Выбежала Лючия, раскрасневшаяся, припудренная мукой (она, видно, только что лепила пирожки), и бросилась к Гарибальди:
- Дядя Джузеппе, как я рада!
Он поцеловал ее в лоб, притянул за руку, любуясь:
- До чего хороша! Совсем полевая гвоздика! Вот, девочка, приехал к вам проститься.
- Как! - ахнула Лючия. - Уже? Так скоро?
Гарибальди кивнул:
- Да, завтра ночью отправляемся. Да и пора. И сицилийцы и мои люди заждались. Надо действовать быстро и решительно, иначе жертвы будут неисчислимы.
С волнением и горечью он заговорил о положении в Сицилии. Полицейский террор там дошел до предела. Франциск II не доверяет никому, кроме полиции. Манискалько, начальник полиции в Палермо, облечен неслыханной властью над жизнью и смертью любого сицилийца.
Тюрьмы острова переполнены, каждый патриот - на подозрении. Недавно группа храбрецов собралась в монастыре Ганчиа близ Палермо. Они приготовили оружие и дожидались только удобной минуты, чтобы организовать восстание против Бурбонов.

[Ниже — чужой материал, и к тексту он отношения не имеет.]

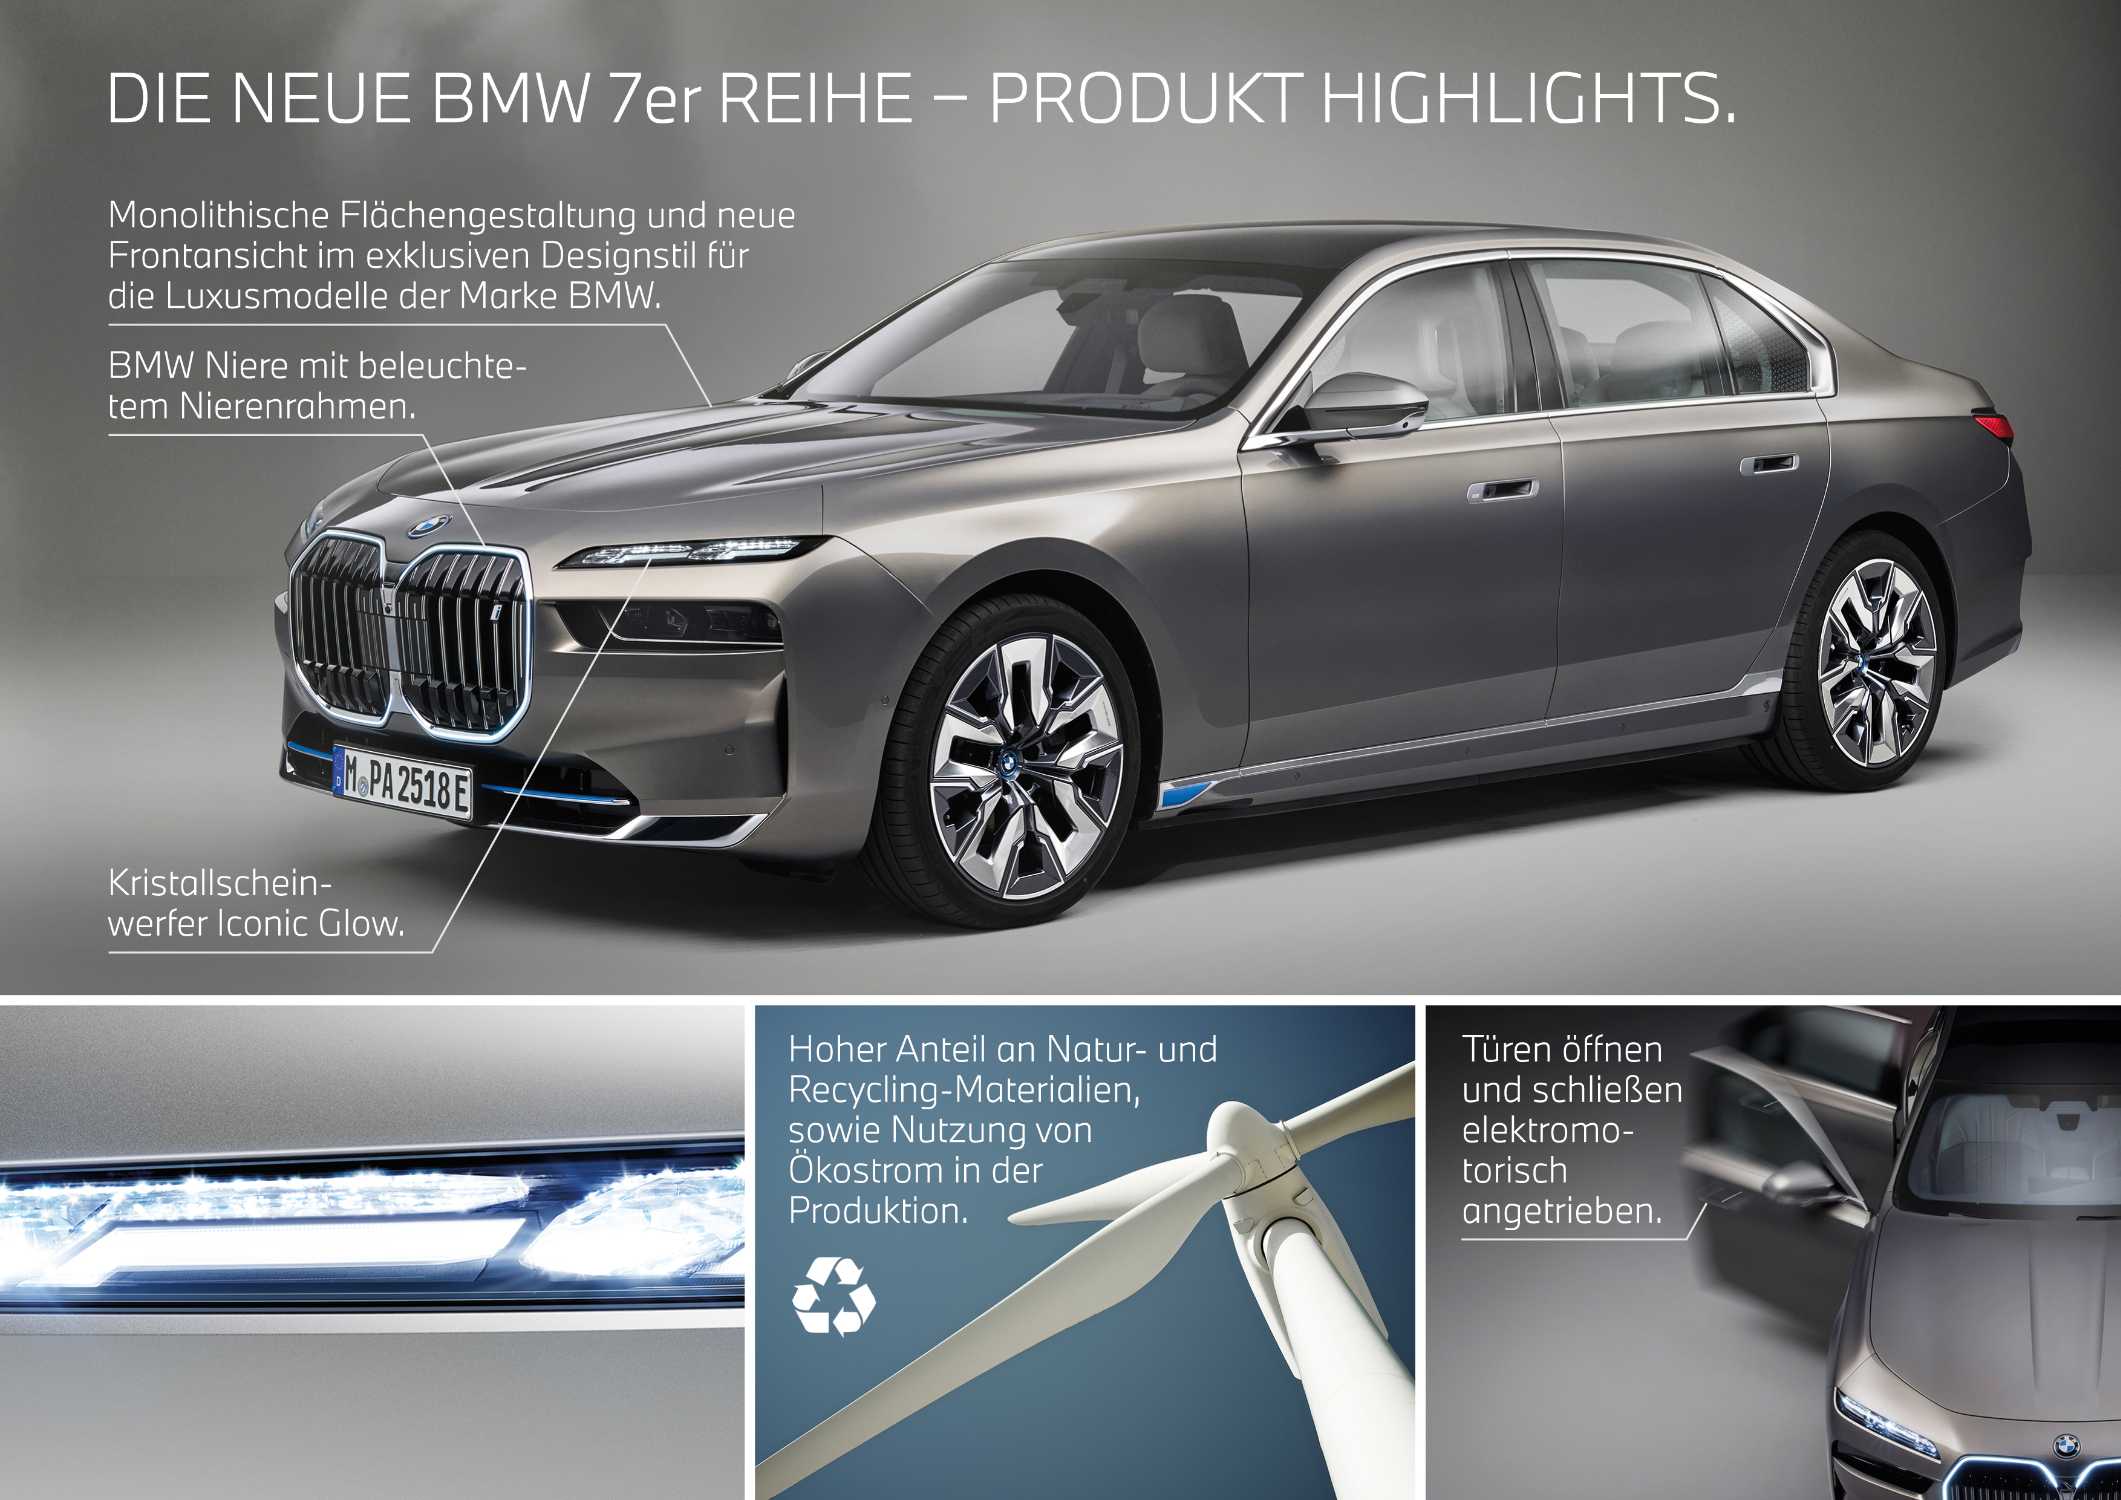 Die neue BMW 7er Reihe - Highlights (04/2022).

Но нашелся предатель и выдал революционеров. Бурбонские солдаты под предводительством Манискалько ворвались в монастырь и захватили заговорщиков. Тринадцать человек - самые уважаемые сицилийцы были приговорены к смертной казни. Манискалько убеждал приговоренных открыть имена остальных заговорщиков: "Назовите их, и я вам обещаю сохранить жизнь". Самый старый из повстанцев, Джованни Риз, гордо отвечал: "Лучше сто смертей, чем одно предательство". По знаку Манискалько, солдаты кинулись на старика и прикончили его на месте. Трупы остальных казненных провезли на черных дрогах по всем городам Сицилии, чтобы люди видели и трепетали. Но, вместо того чтобы вызвать страх, казни вызвали неистовый гнев народа.
В городе Карини народ поднялся первым. Там бесчинствовали бурбонские солдаты, каринцы набросились на них и повесили на городской площади. Когда об этом доложили Франциску, он распорядился смести город с лица земли. Бурбонцы подожгли Карини, от него остался один пепел. Это было последней каплей: сицилийцы дали клятву во что бы то ни стало, любой ценой, освободиться от ига Бурбонов. Патриоты ждут только прихода гарибальдийцев, чтобы примкнуть к ним.
- Теперь вы понимаете, почему мы должны спешить, - продолжал Гарибальди. - Каждый день промедления означает новые жертвы. Манискалько свирепый палач, комендант Палермо, Сальцано, ничуть не лучше, он уже получил в народе прозвище "Капитан Иуда". Остров залит кровью патриотов. Нашего прихода ждут, как прихода мессии, мы не смеем обмануть ожидания народа.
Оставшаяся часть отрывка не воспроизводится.